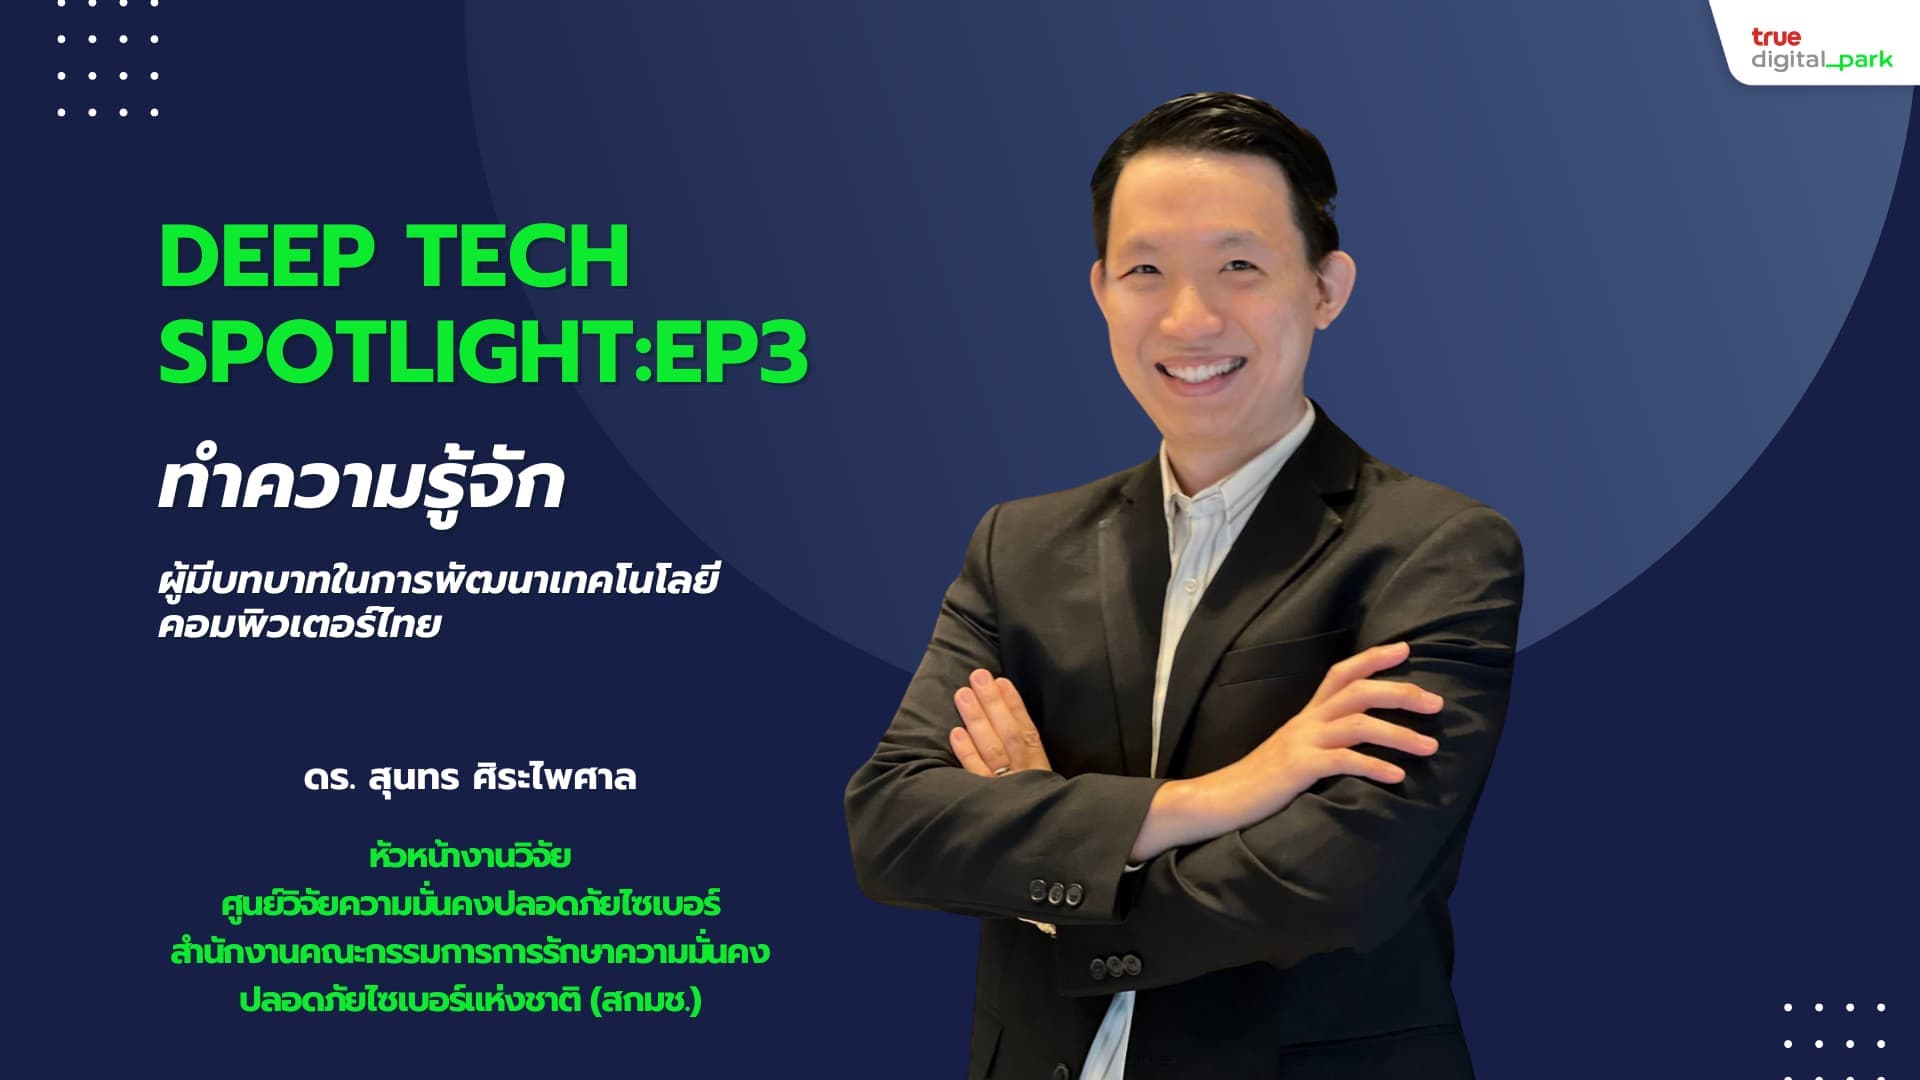 Deep Tech Spotlight Ep. 3: ดร. สุนทร ศิระไพศาล ผู้มีบทบาทในการพัฒนาเทคโนโลยีคอมพิวเตอร์ไทย
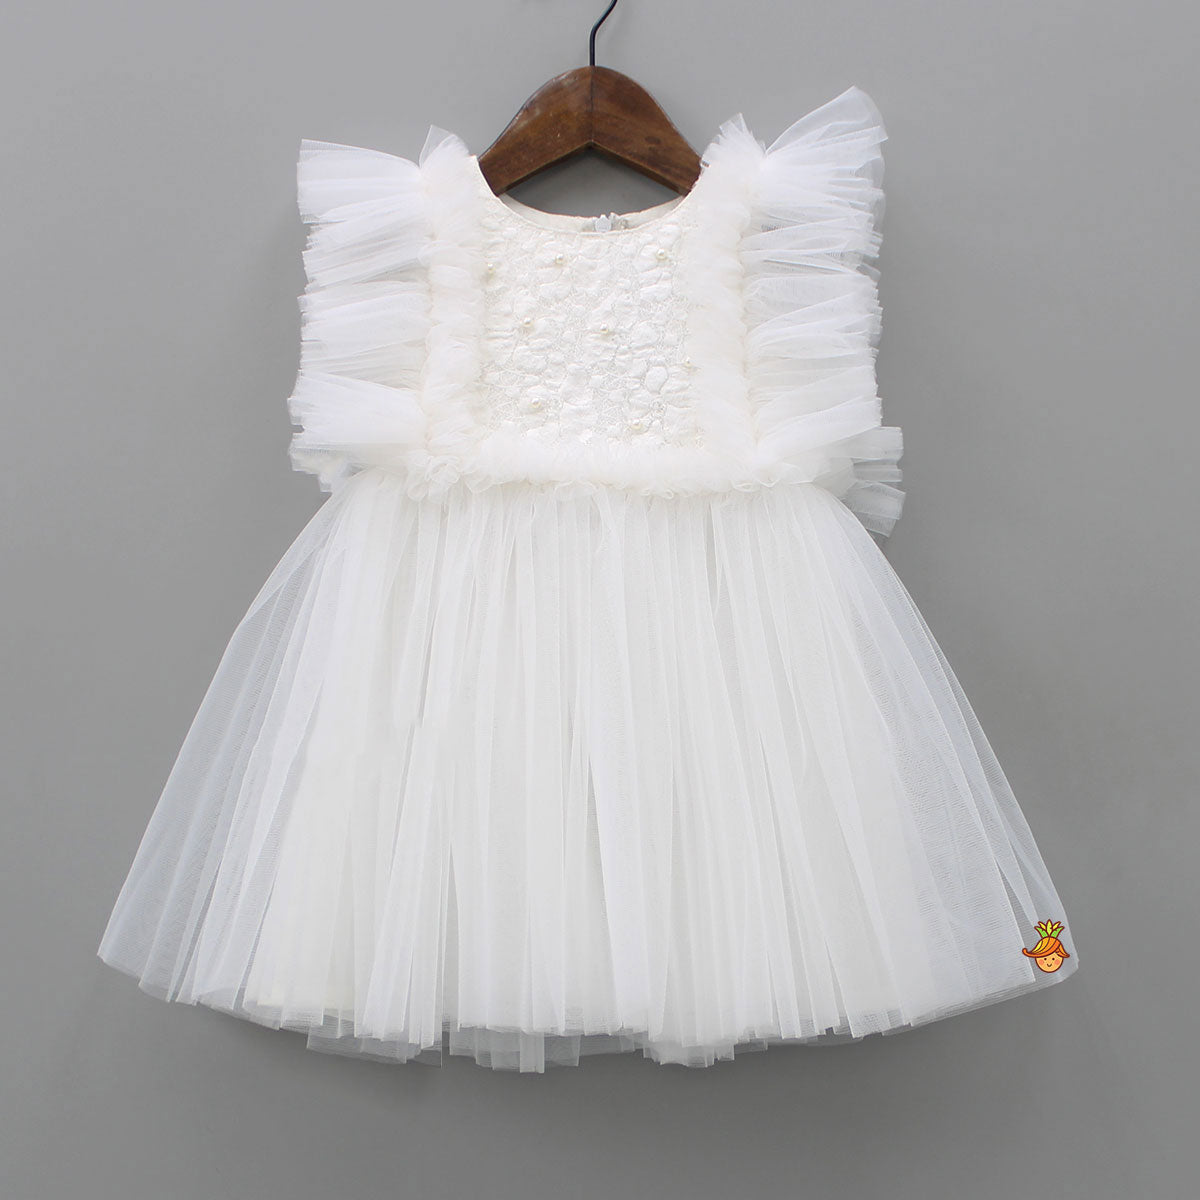 Beautiful White Frilly Dress
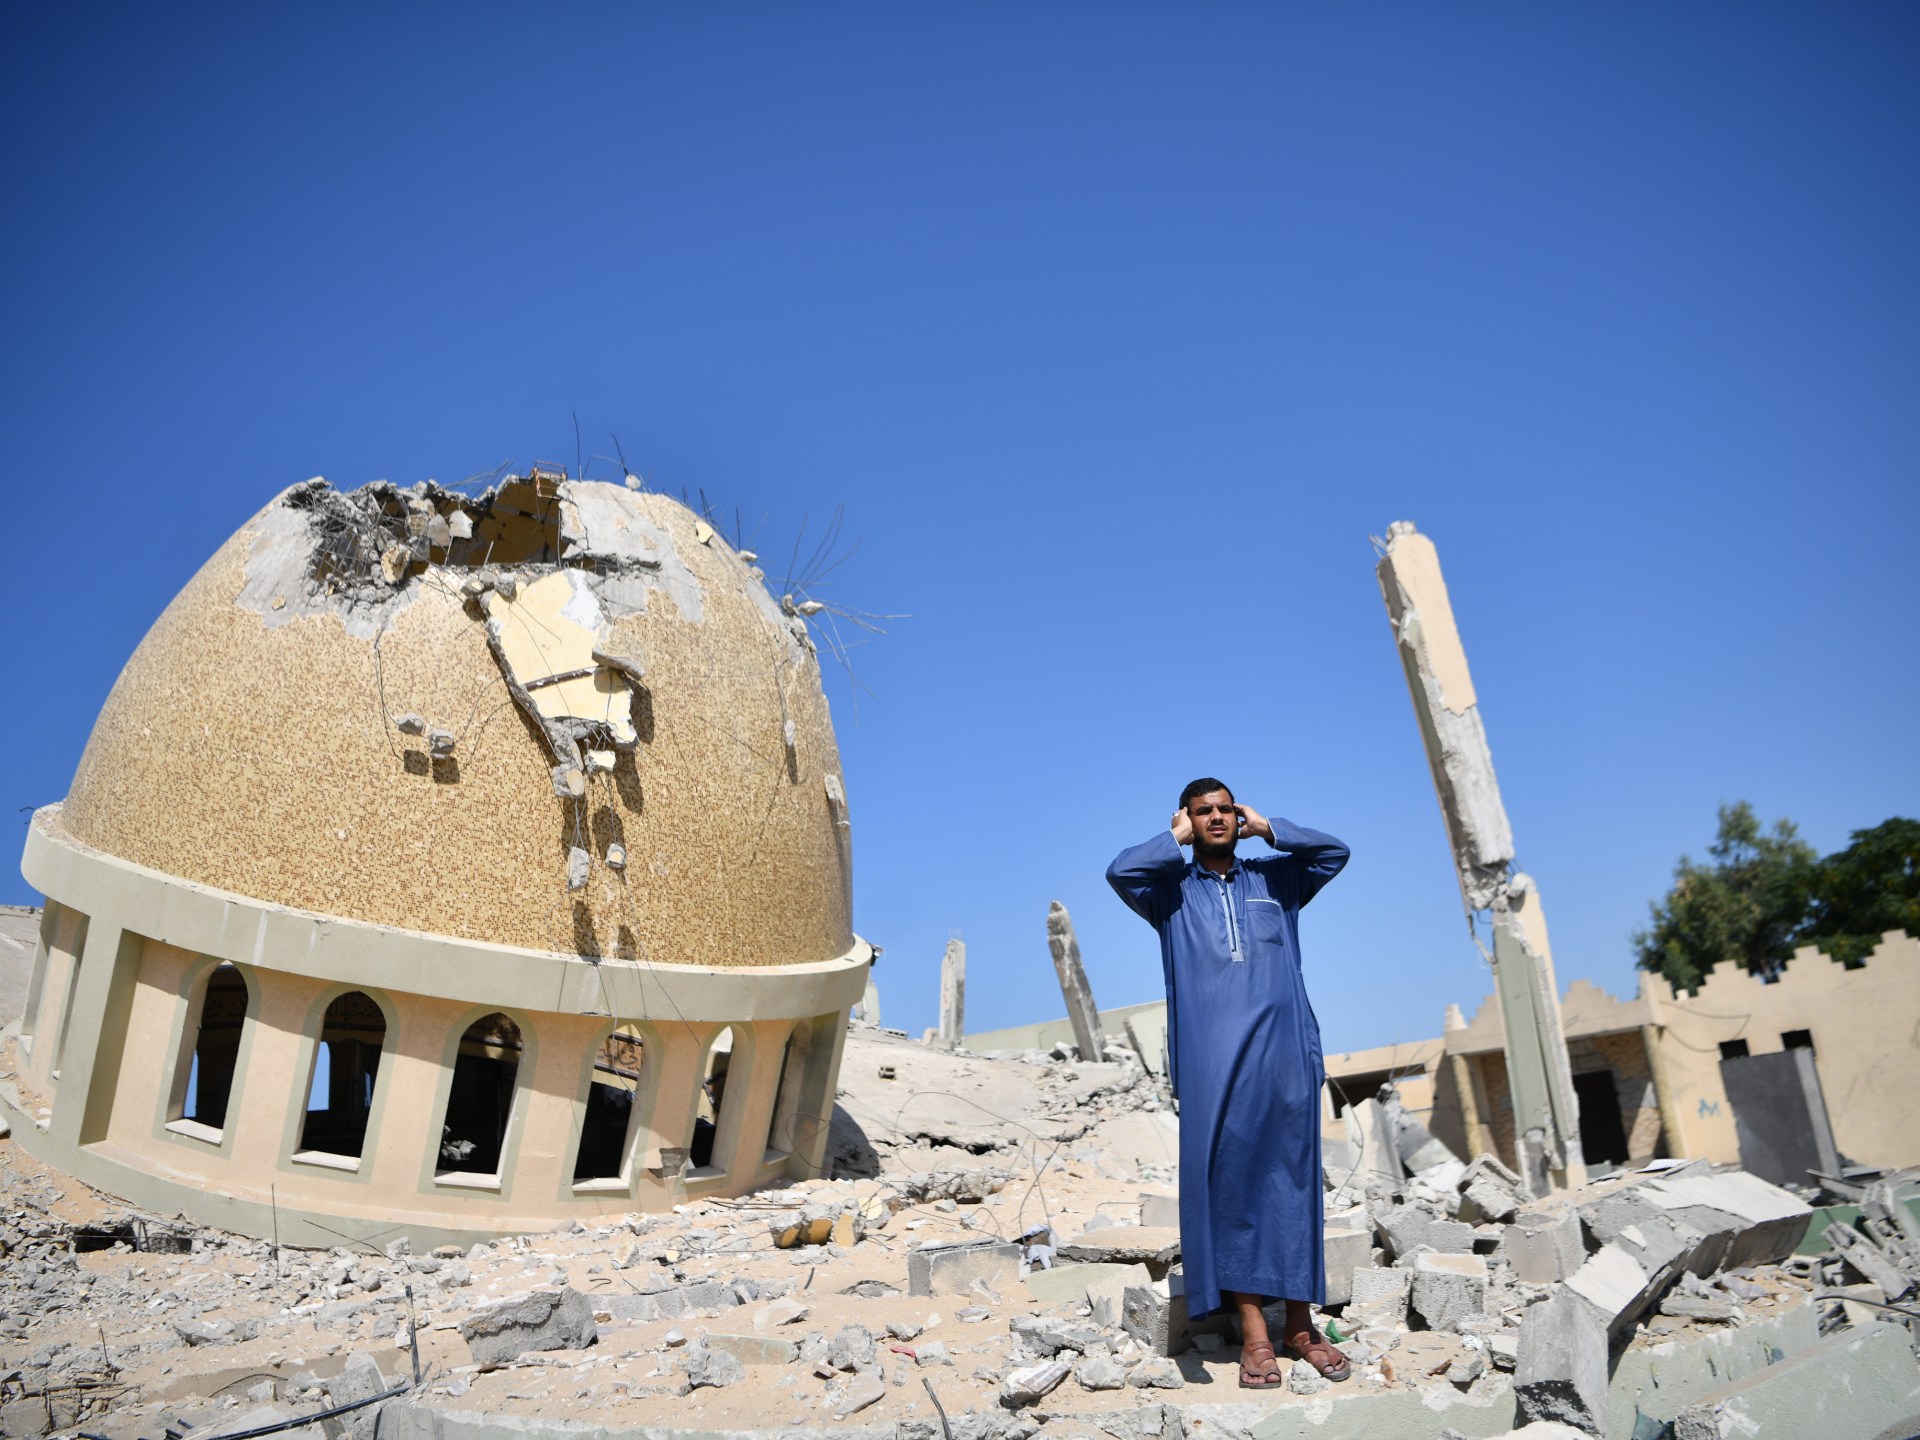 غزة.. الاحتلال يدمر 31 مسجدا وأضرار بالغة في 3 كنائس | أخبار – البوكس نيوز

Exercise description -
Please print the data above in its entirety, exactly, but without any picture.

Answer to this exercise -
 Deep Tech Spotlight Ep. 3: ดร. สุนทร ศิระไพศาล ผู้มีบทบาทในการพัฒนาเทคโนโลยีคอมพิวเตอร์ไทย
 Beautiful White Frilly Dress
 غزة.. الاحتلال يدمر 31 مسجدا وأضرار بالغة في 3 كنائس | أخبار – البوكس نيوز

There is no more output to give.